Directions | Go to the line with "Long Sleeve Cotton" in the entries below and write out every line from there through the line with "HSIA Silene Sheer", exactly and without pictures.

Supplied records |

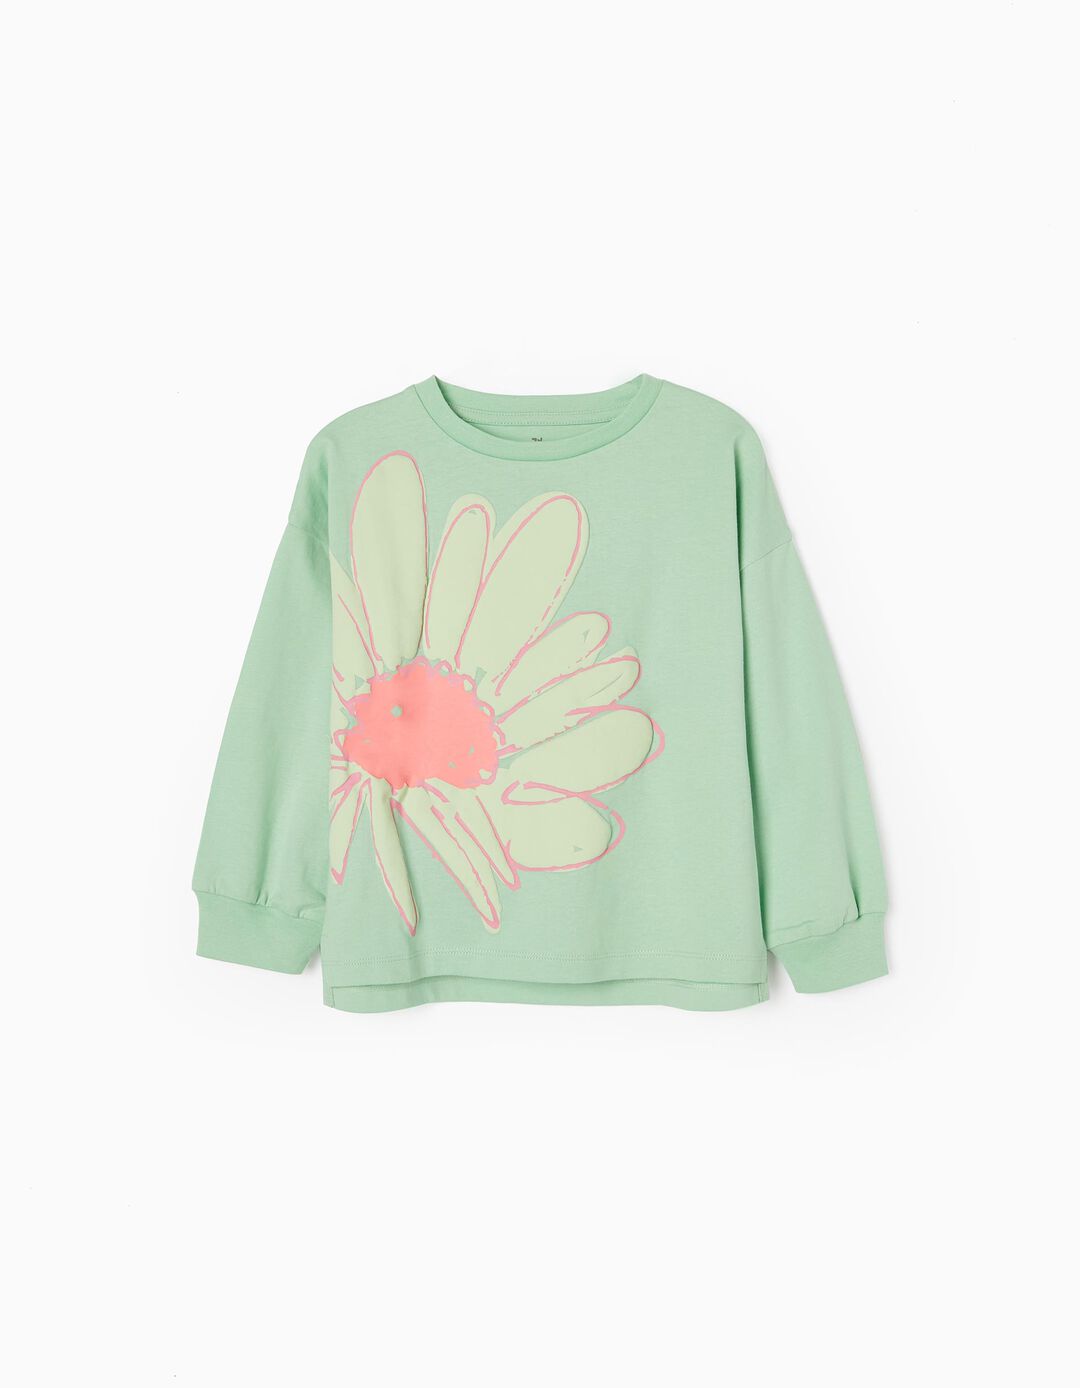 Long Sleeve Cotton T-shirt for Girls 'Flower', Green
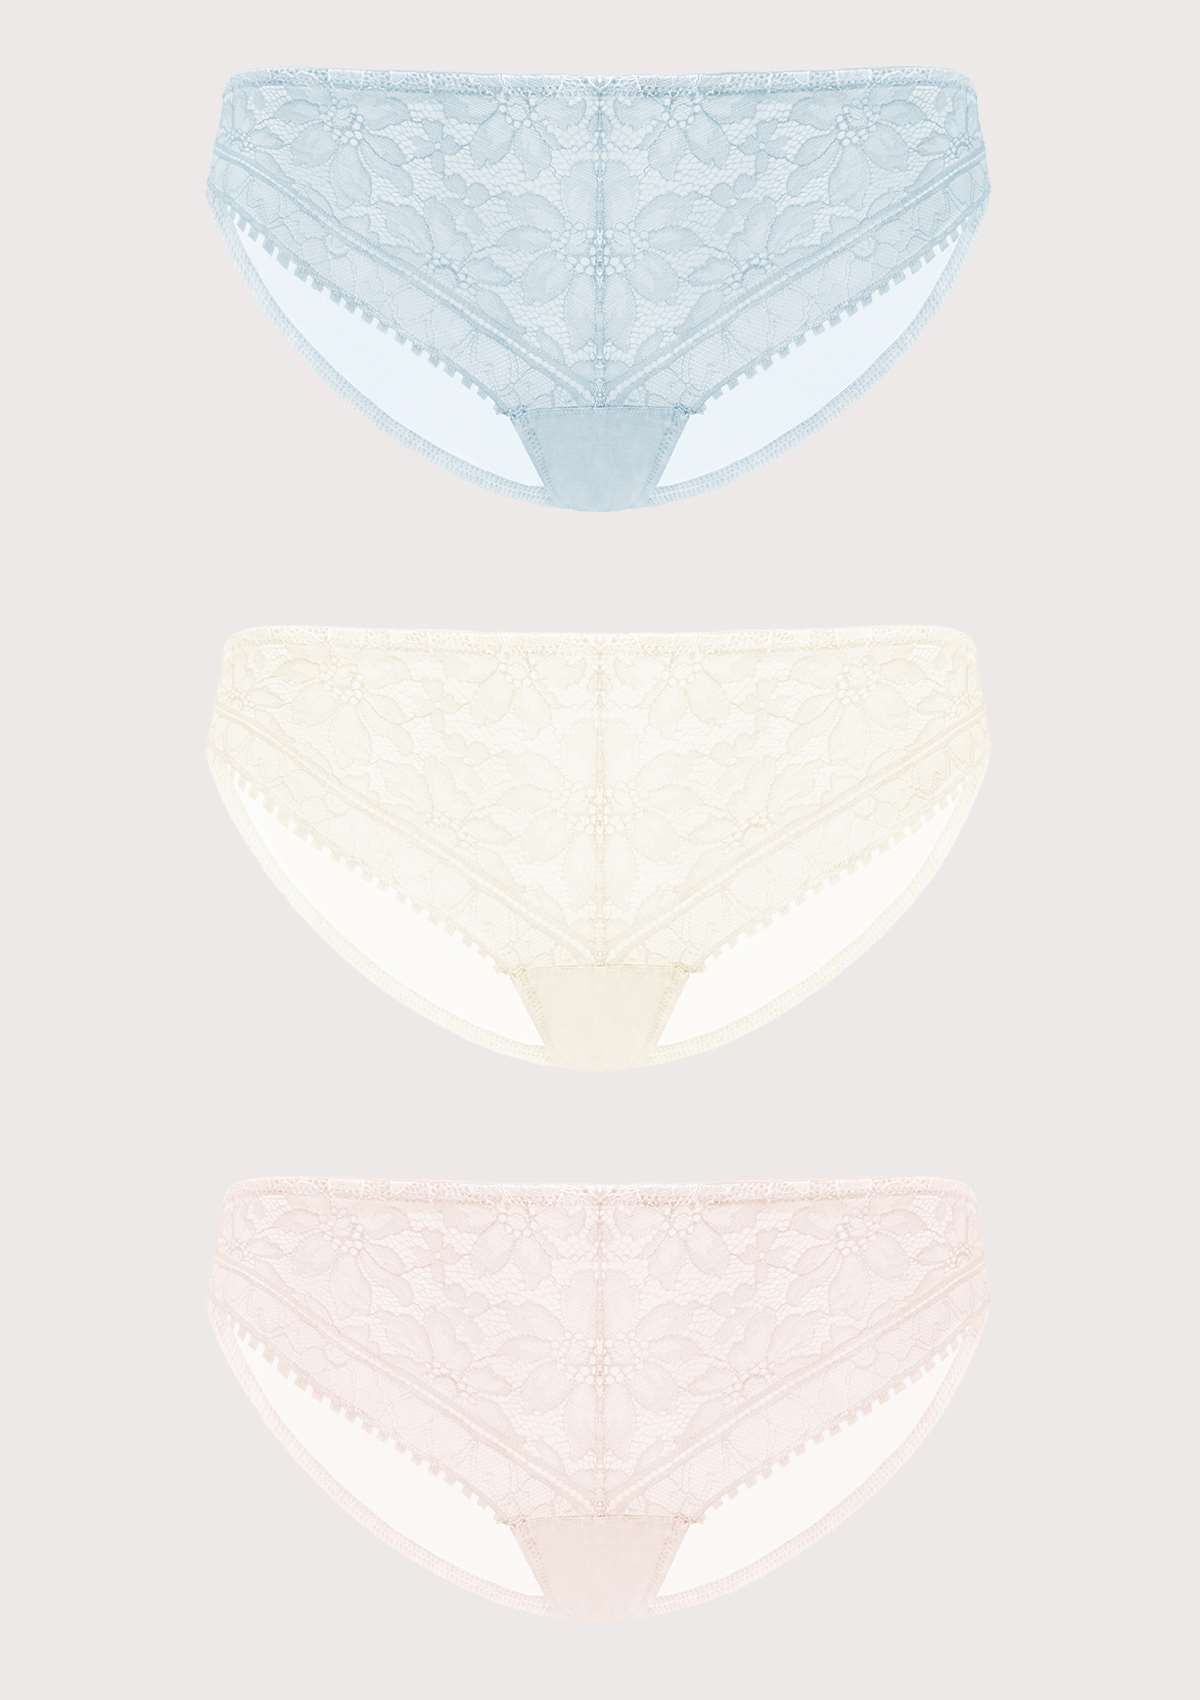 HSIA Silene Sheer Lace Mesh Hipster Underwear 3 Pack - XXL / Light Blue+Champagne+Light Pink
---
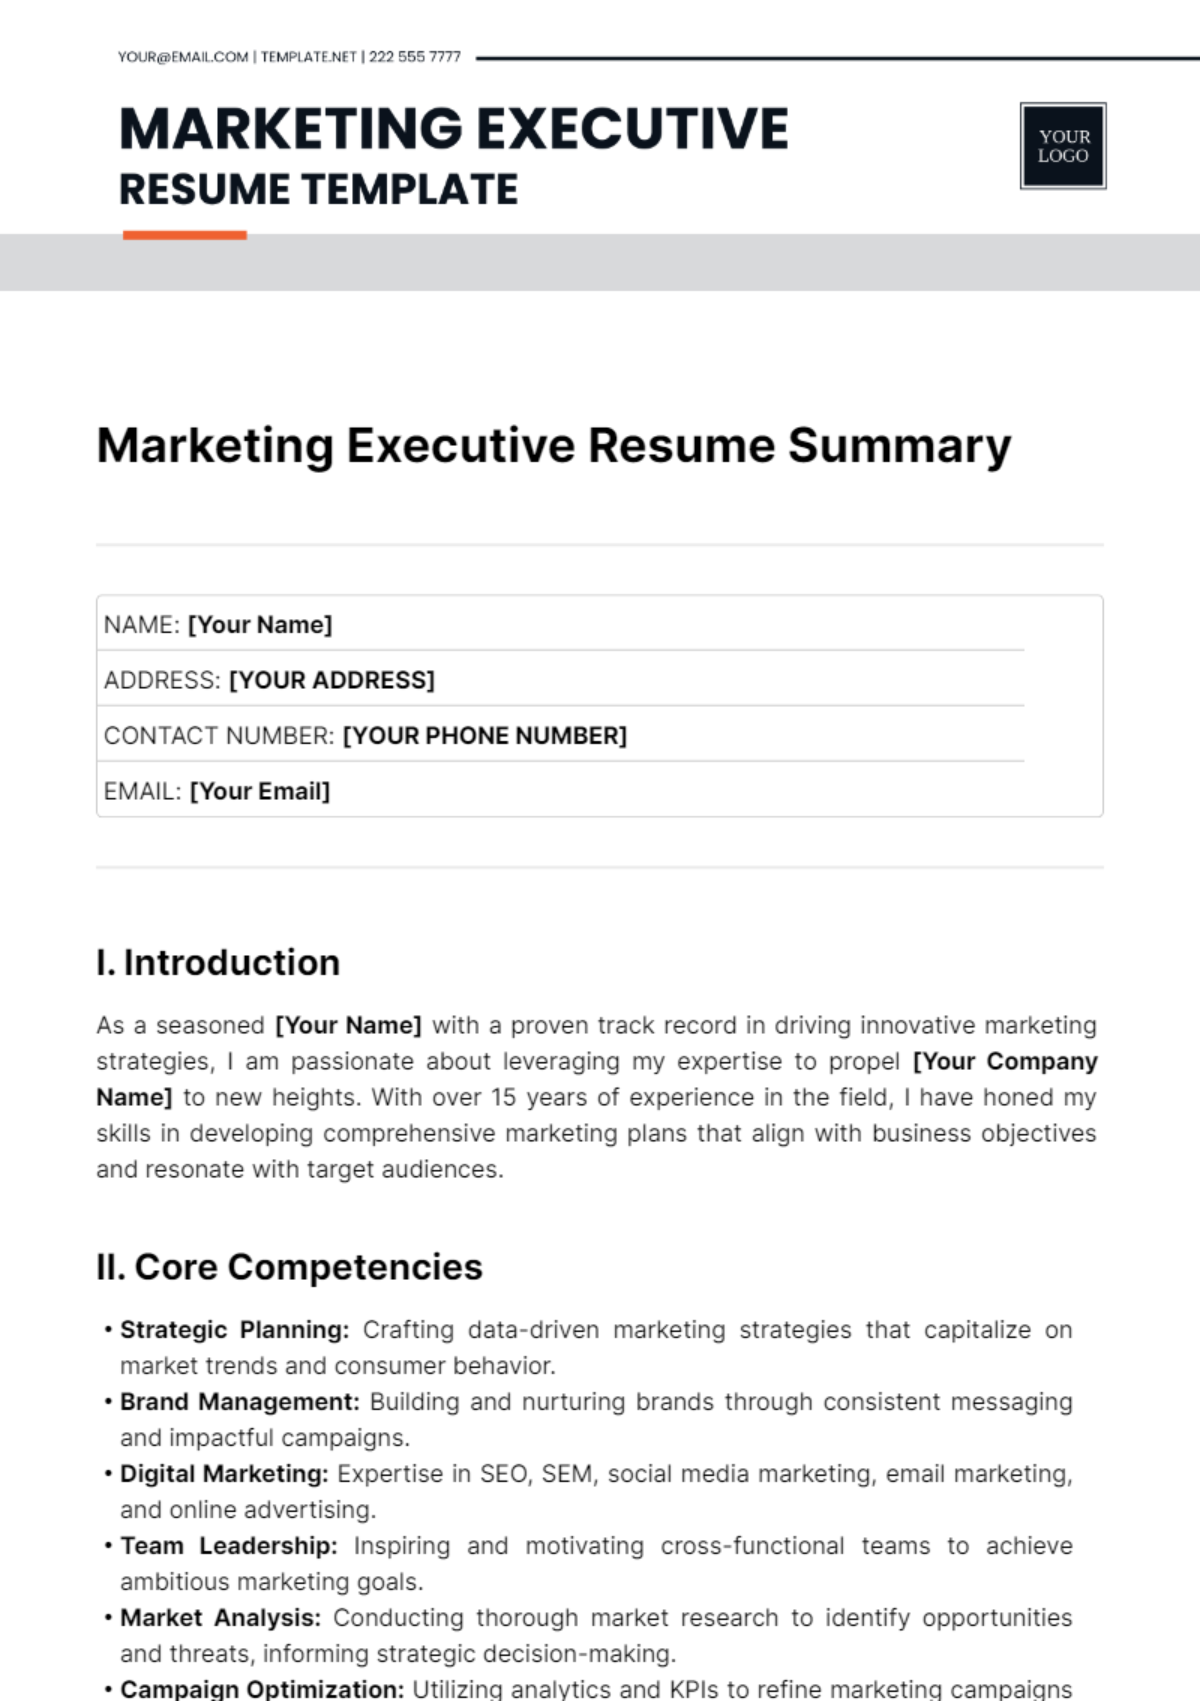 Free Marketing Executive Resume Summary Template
--
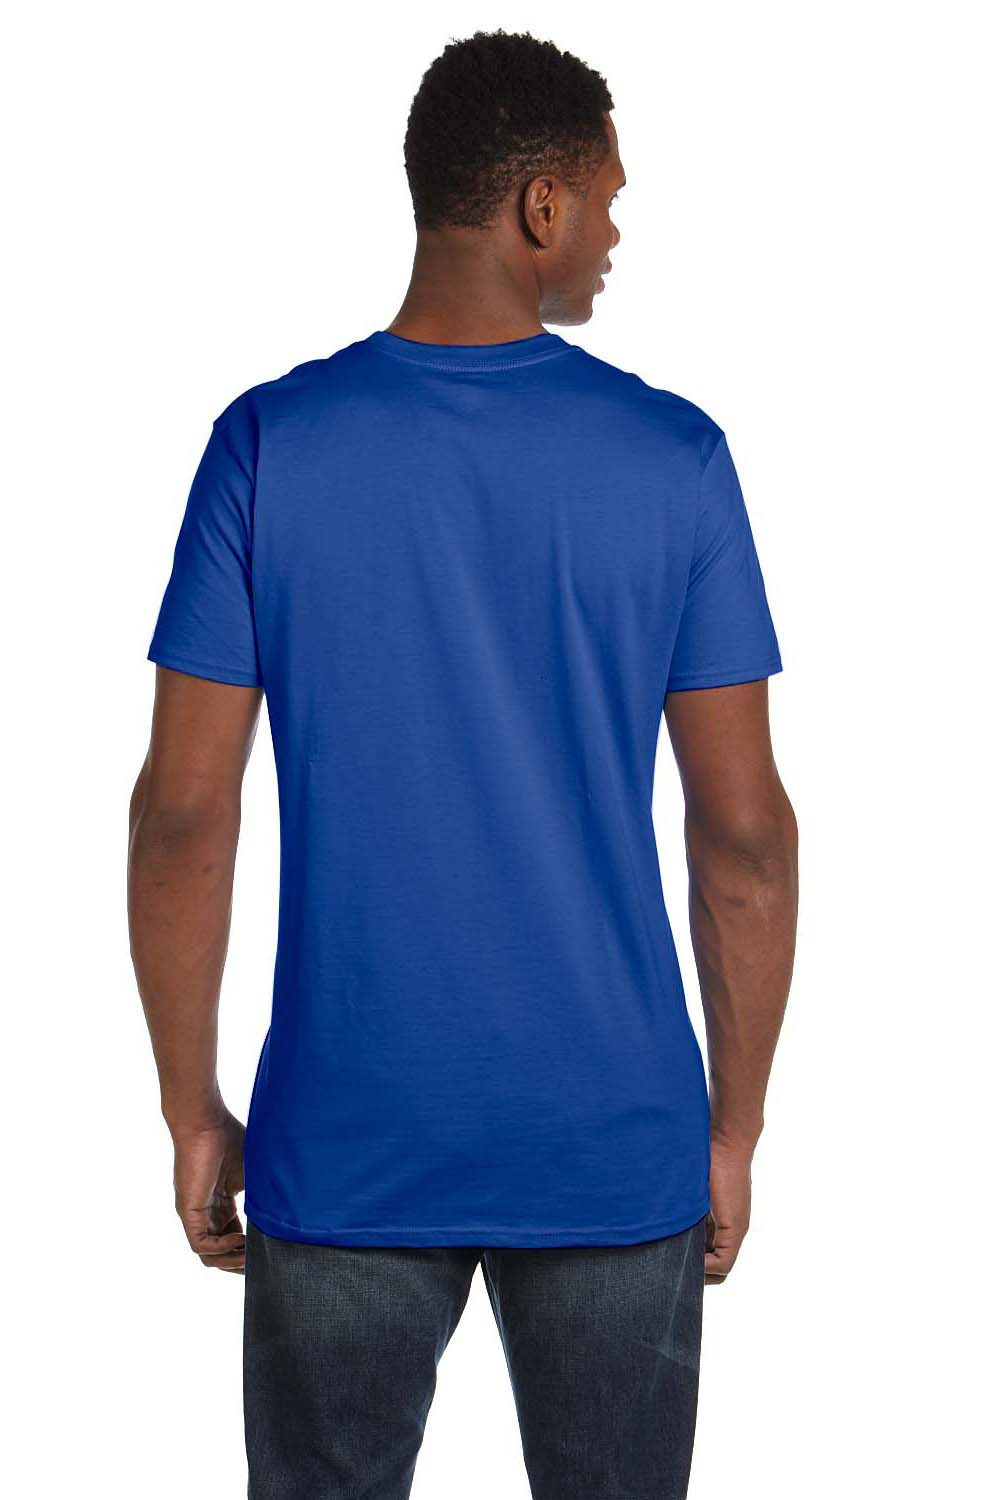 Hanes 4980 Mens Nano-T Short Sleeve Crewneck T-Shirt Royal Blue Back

Answer for this exercise |
 Long Sleeve Cotton T-shirt for Girls 'Flower', Green
 HSIA Silene Sheer Lace Mesh Hipster Underwear 3 Pack - XXL / Light Blue+Champagne+Light Pink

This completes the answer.